An exception that was brought to light was one issued in 2004, to Nicholas Merrill, who ran a rather small ISP named Calyx. The FBI read the law to allow them to request a lot more than the basic information outlined. They asked for assigned IP addresses, as well as a lot of other information. Merrill and Calyx fought the NSL over 10 years before it was unsealed fully. The Judge noted that one key piece of evidence in this unsealing was a JOD manual claiming that the FBI could get even more information, including URL history, email headers and even cell phone location data. This information is quite a few levels above the normal metadata.

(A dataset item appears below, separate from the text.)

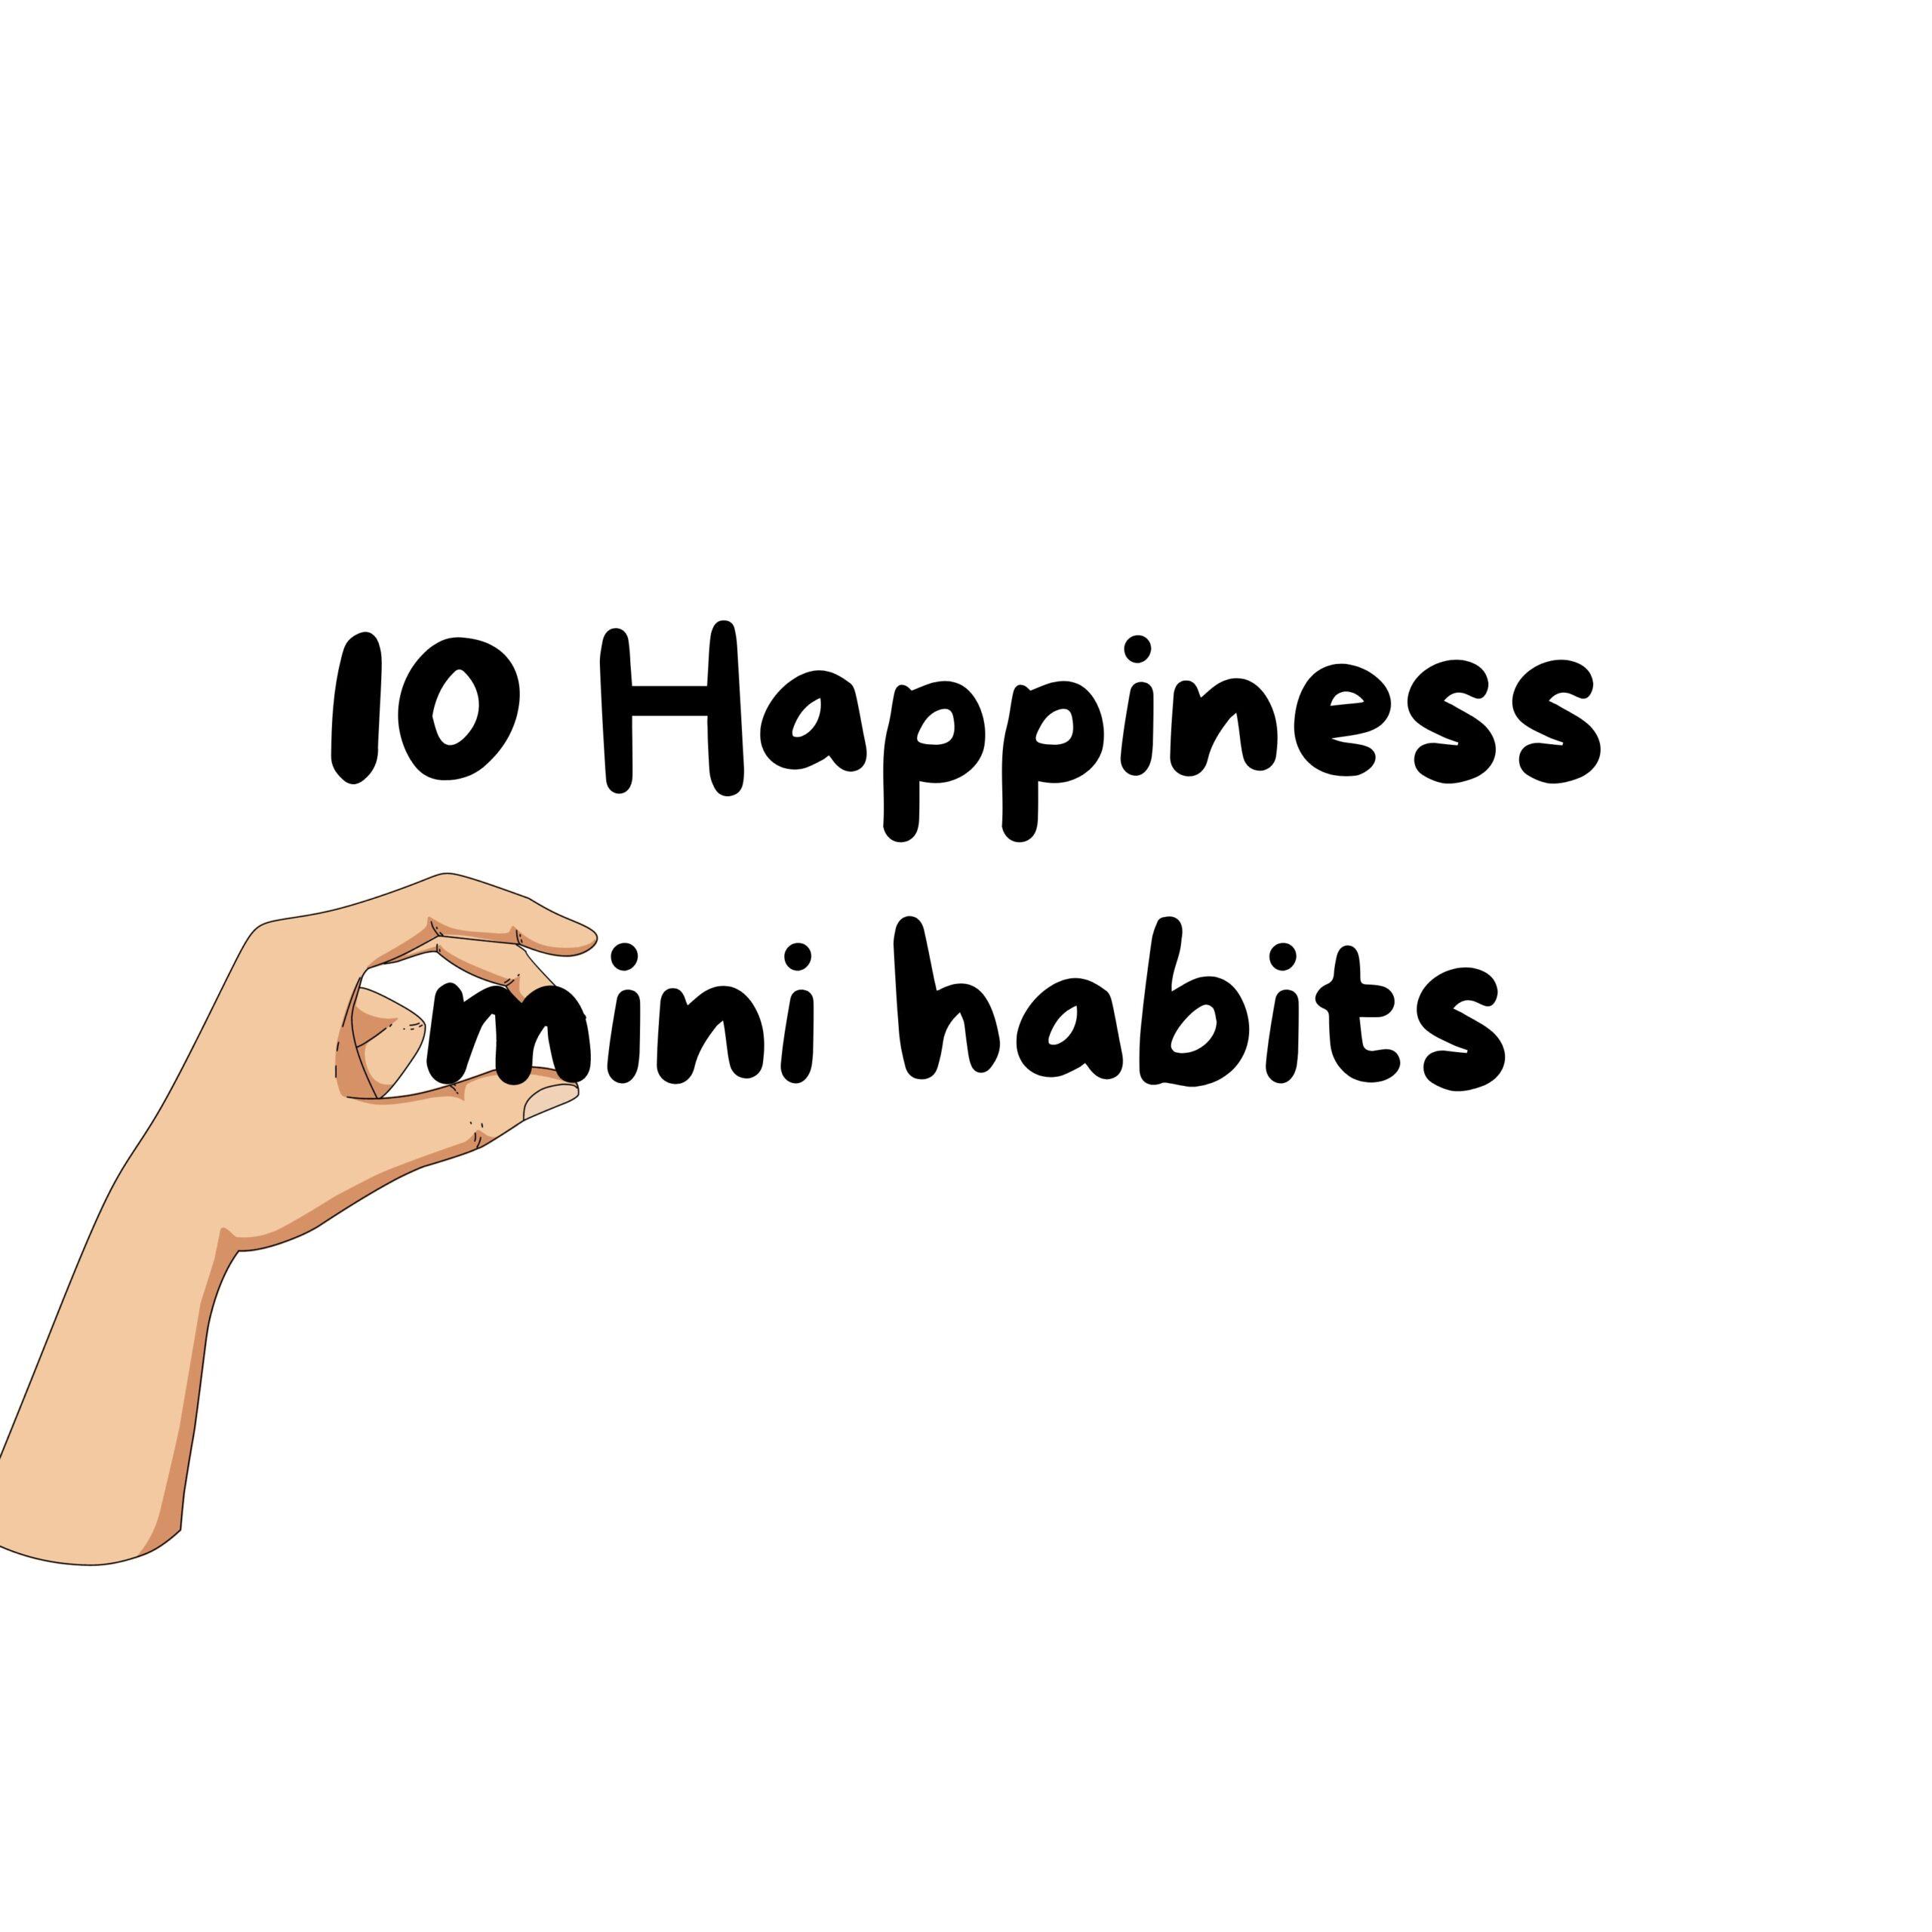 10 Happiness mini habits

It’s pretty crystal that the FBI views the statutes information on using NSLs as guidelines and not a comprehensive list. In 2004 the FBI issued 56,507, and the EFF reported many of these as being used improperly. Its speculated that among these that tens of thousands of NSLs included requests for ECTRs seeing as how the FBI has a broad definition.
The Office of Legal Counsel finally put a stop to the FBI’s abuse of NSLs. The report filed with the OLC limited the list of information, as well as stating that the way the FBI was using NSLs was abuse by referencing ECTRs and allowing themselves to issue NSLs to other than telephone companies and requesting only subscriber information and billing records for regular phone service.
It seems the FBI payed no mind to this, and a testimony by the DOJ was issued in 2011 concluded the FBI could request IP addresses and other non-content information that was being considered ECTRs. The FBI continued to demand ECTR info from Internet companies. In example are EFF’s unnamed client, Yahoo, who published a copy of the NSL from 2013 the FBI issued them. Most of the companies refused.
The FBI has been pushing these changes ever since it was caught abusing the NSL privilege. Two such amendments have already been proposed to help the FBI achieve its goal. Senator Cornyan proposed an amendment to the Email Privacy Act, along with several other amendments. This isn’t the only side to to the fight however. The EFF is fighting on behalf of two unnamed clients that received NSLs, saying that the gag orders are unconstitutional. After the first ruling was in the district court didn’t go their way, the EFF is going to the ninth circuit court of appeals later this year. Even when the FBI uses an NSL correctly, the gag order allows them to work in secrecy, gathering intelligence and hushing up the unlucky recipient of the NSL without the bat of an eye.